Selanjutnya ada penyimpanan energi (energy storage). Aspek teknologi ini juga menjadi kunci utama dalam pengembangan energi terbarukan secara masif seperti pumped storage yang akan mulai digunakan pada 2025 dan BESS yang akan digunakan secara masif pada 2021.
Tak hanya itu, inovasi teknologi sistem jaringan pintar (smart grid) yang menjadi kebutuhan dasar masyarakat akan diperbanyak. Saat ini terdapat sembilan proyek smart grid yang menggunakan berbagai teknologi two-way communication, smart communication, smart microgrid, dan Advanced Metering Infrastructure (AMI).
"Smart grid akan meringankan masalah saat ini dari sebagian besar pembangkit listrik. Penerapan sistem energi berkelanjutan akan mendukung penerapan energi terbarukan yang efisien dan andal karena smart grid dapat menganalisis beban dan produksi listrik," jelas Arifin.

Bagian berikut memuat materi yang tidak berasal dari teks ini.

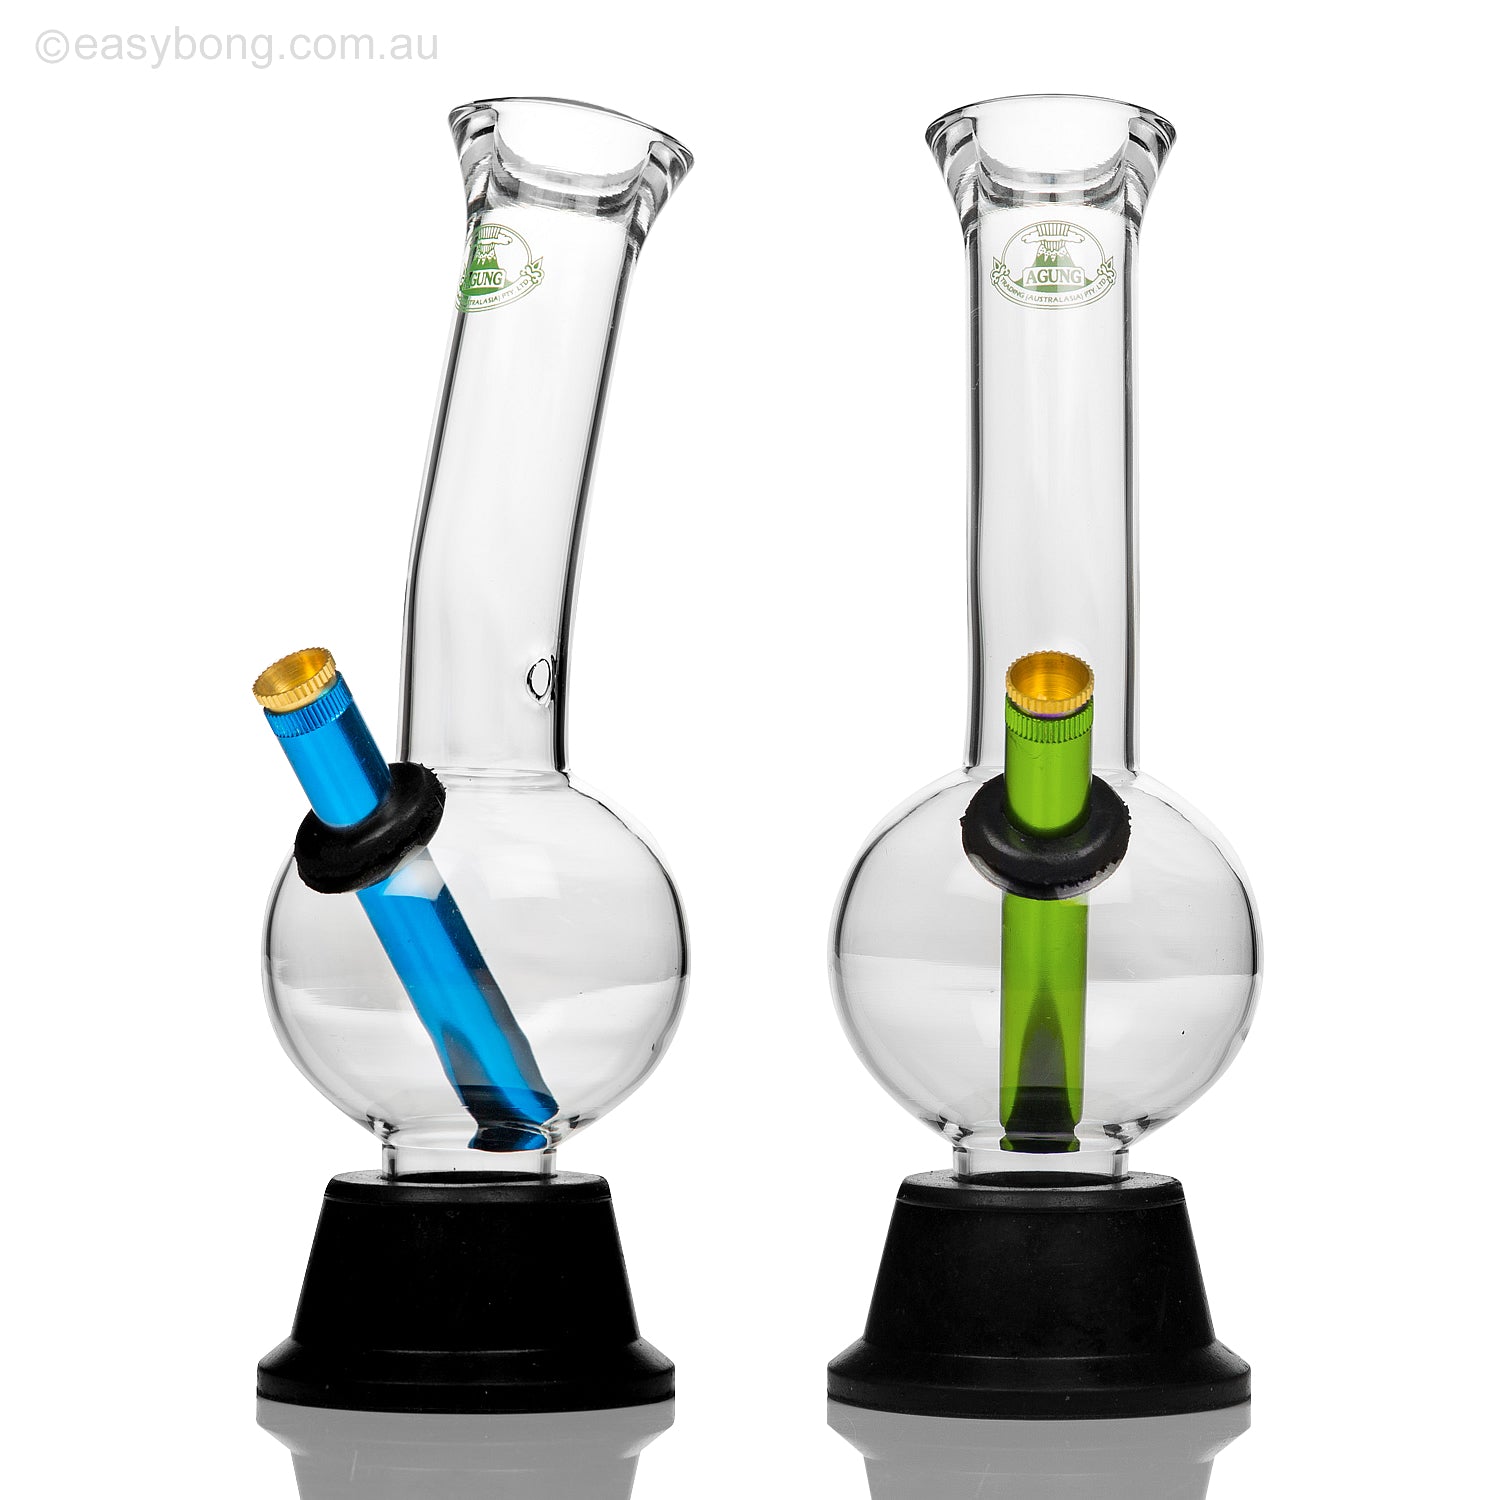  Easy Bong glass bong from Agung Australia with cone piece and stem.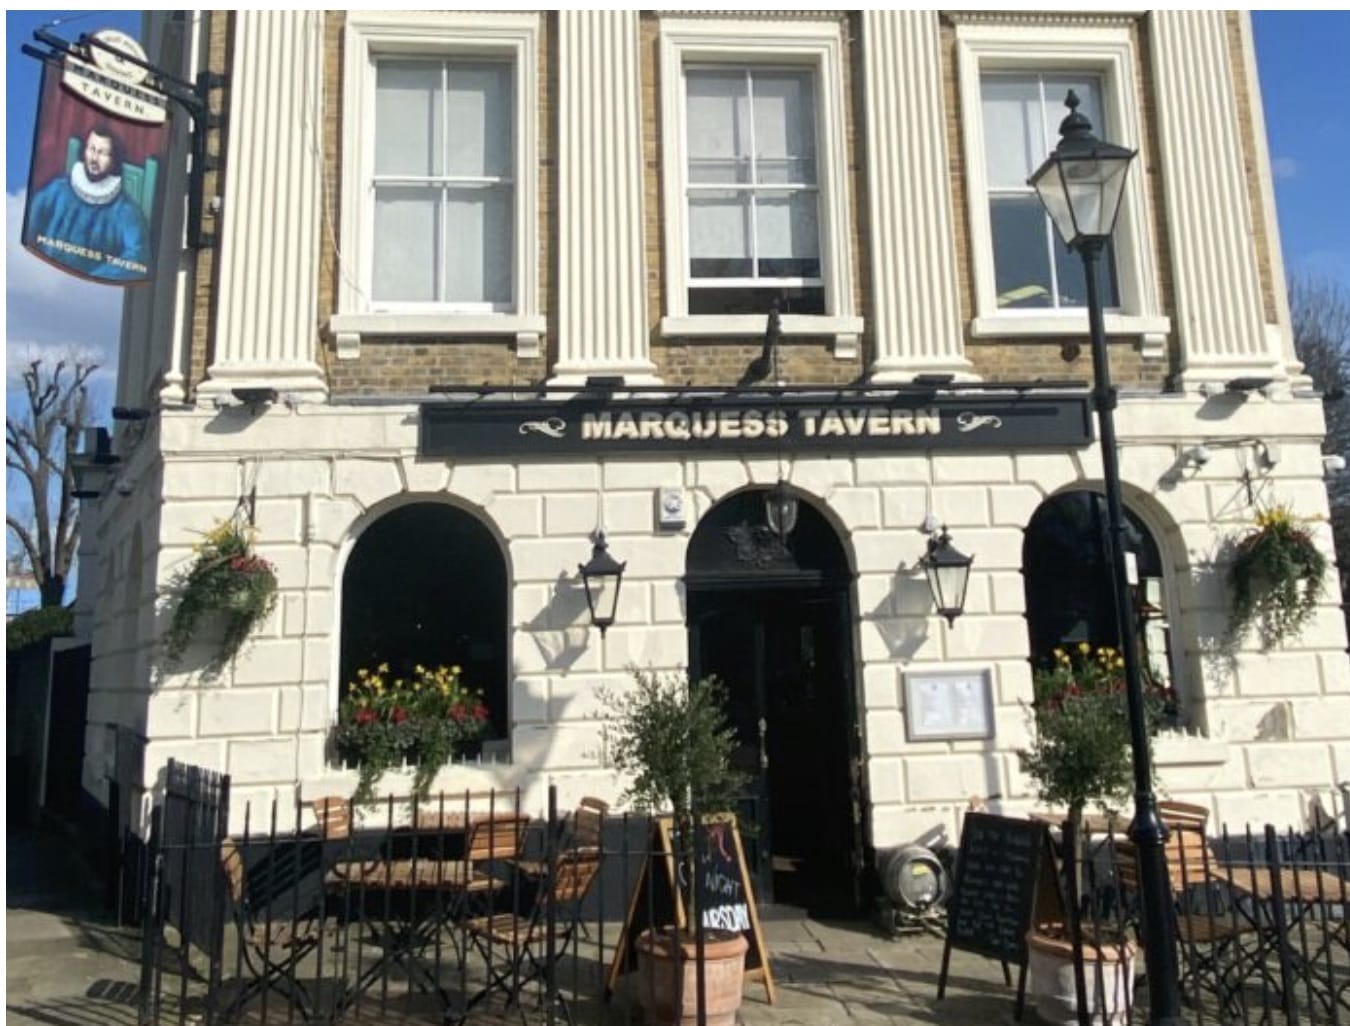 Management Partnership Pubs In London - Run The Marquess Tavern !

Terakhir, pengembangkan industri baterai litium dan kendaraan listrik. Kendaraan Listrik akan dikembangkan secara masif dengan target dua juta kendaraan roda dua dan 13 juta kendaraan roda empat.
Sebelumnya, Presiden RI juga meresmikan pendirian Indonesia Battery Corporation (IBC) guna mengintegrasikan industri baterai dari sektor hulu ke hilir untuk mewujudkan keberhasilan program kendaraan listrik.
"Kami juga memiliki regulasi untuk mempercepat pengembangan kendaraan listrik berbasis baterai melalui pemberian insentif pajak dan kebijakan hilirisasi mineral untuk mendorong pengembangan industri baterai," tutup Arifin.